DATA SECTION:
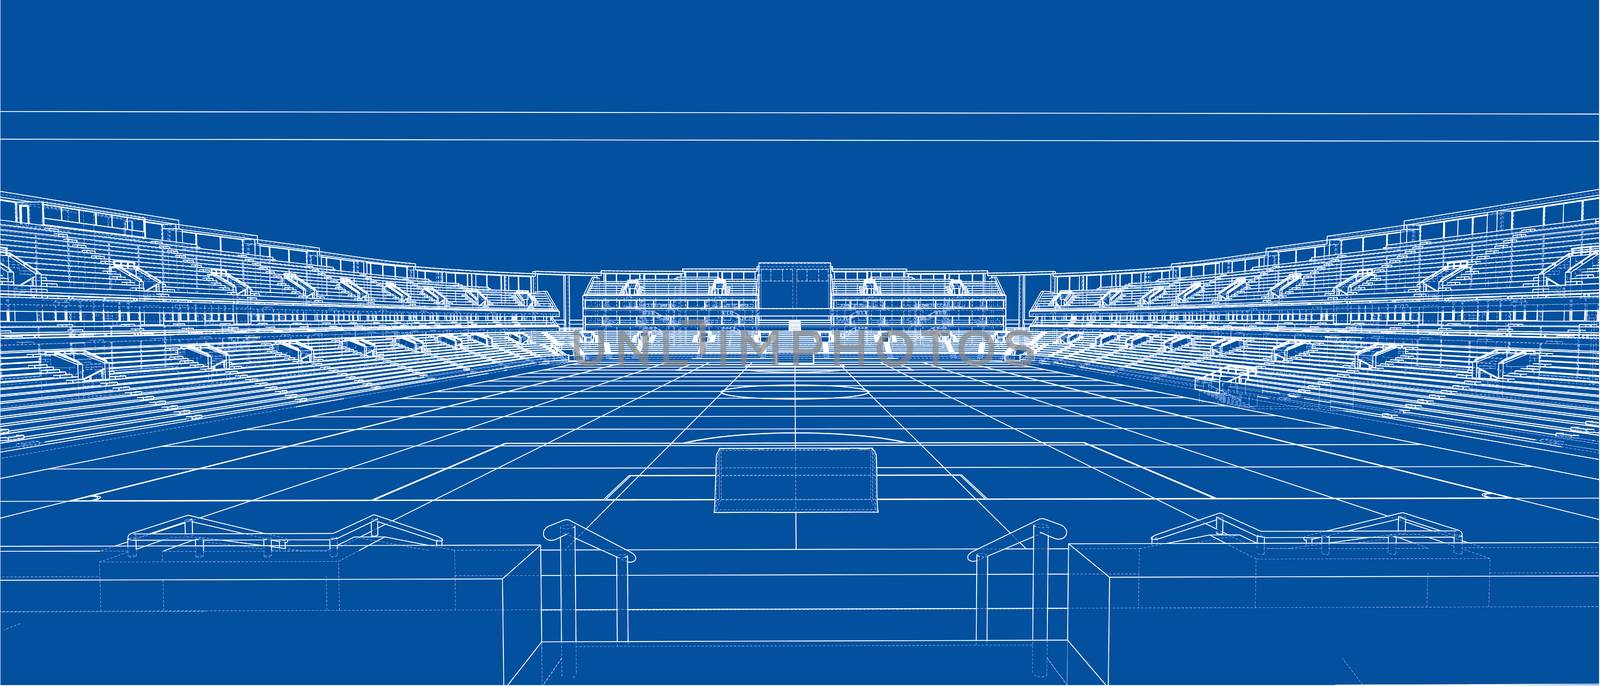 Sketch of Football stadium. 3d illustration. Wire-frame style
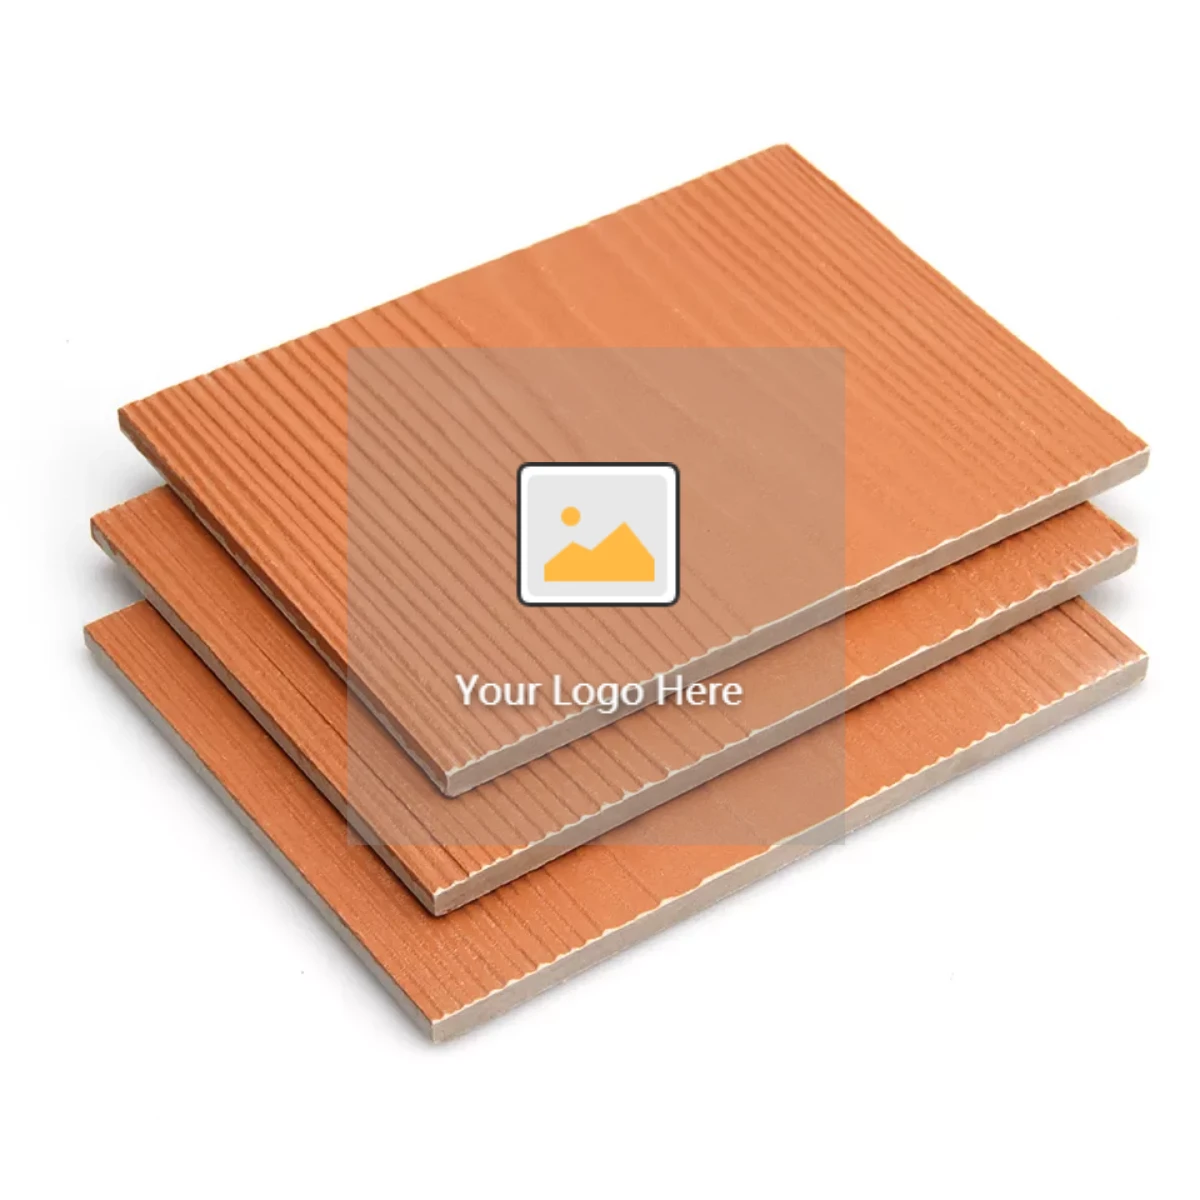 6mm Fire proof  Reinforced standard cellulose Non-asbestos fiber cement boards
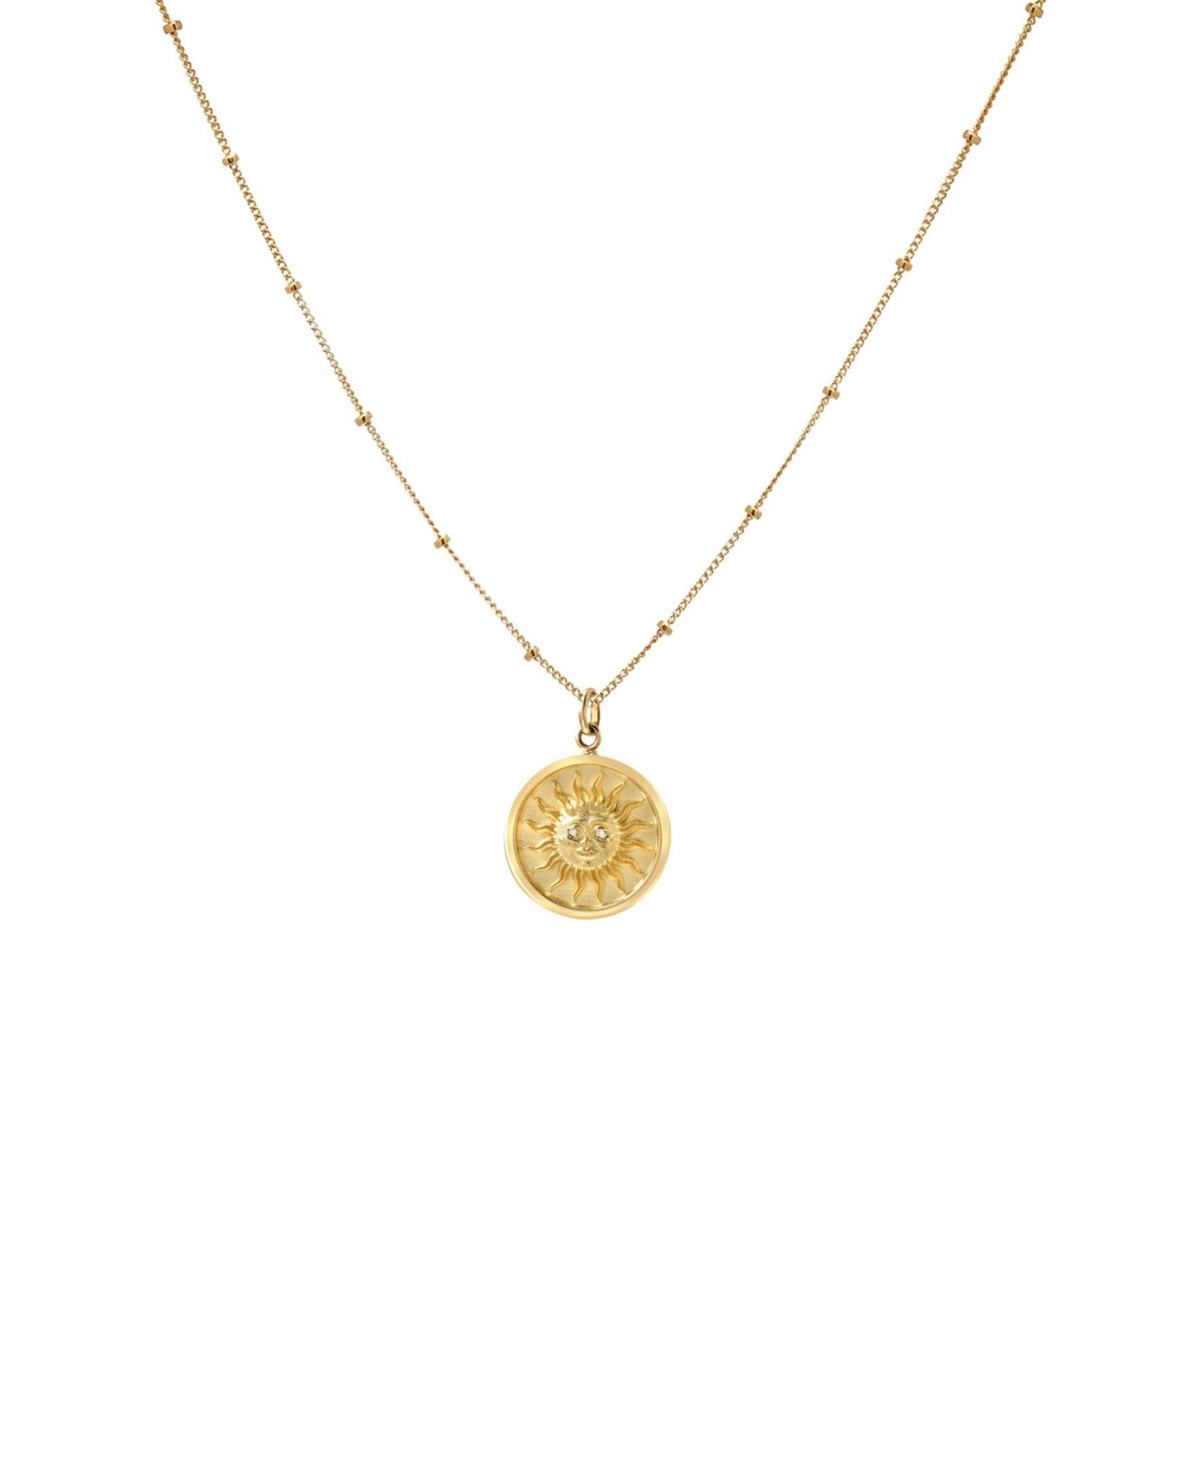 Zoe Lev Sun Medallion with Segment 14K Yellow Gold Chain Necklace - Gold

TO DO: With the pictures omitted, reproduce the data above exactly.

OUTPUT FOR THIS TASK:
 Sketch of Football stadium. 3d illustration. Wire-frame style
 6mm Fire proof  Reinforced standard cellulose Non-asbestos fiber cement boards
 Zoe Lev Sun Medallion with Segment 14K Yellow Gold Chain Necklace - Gold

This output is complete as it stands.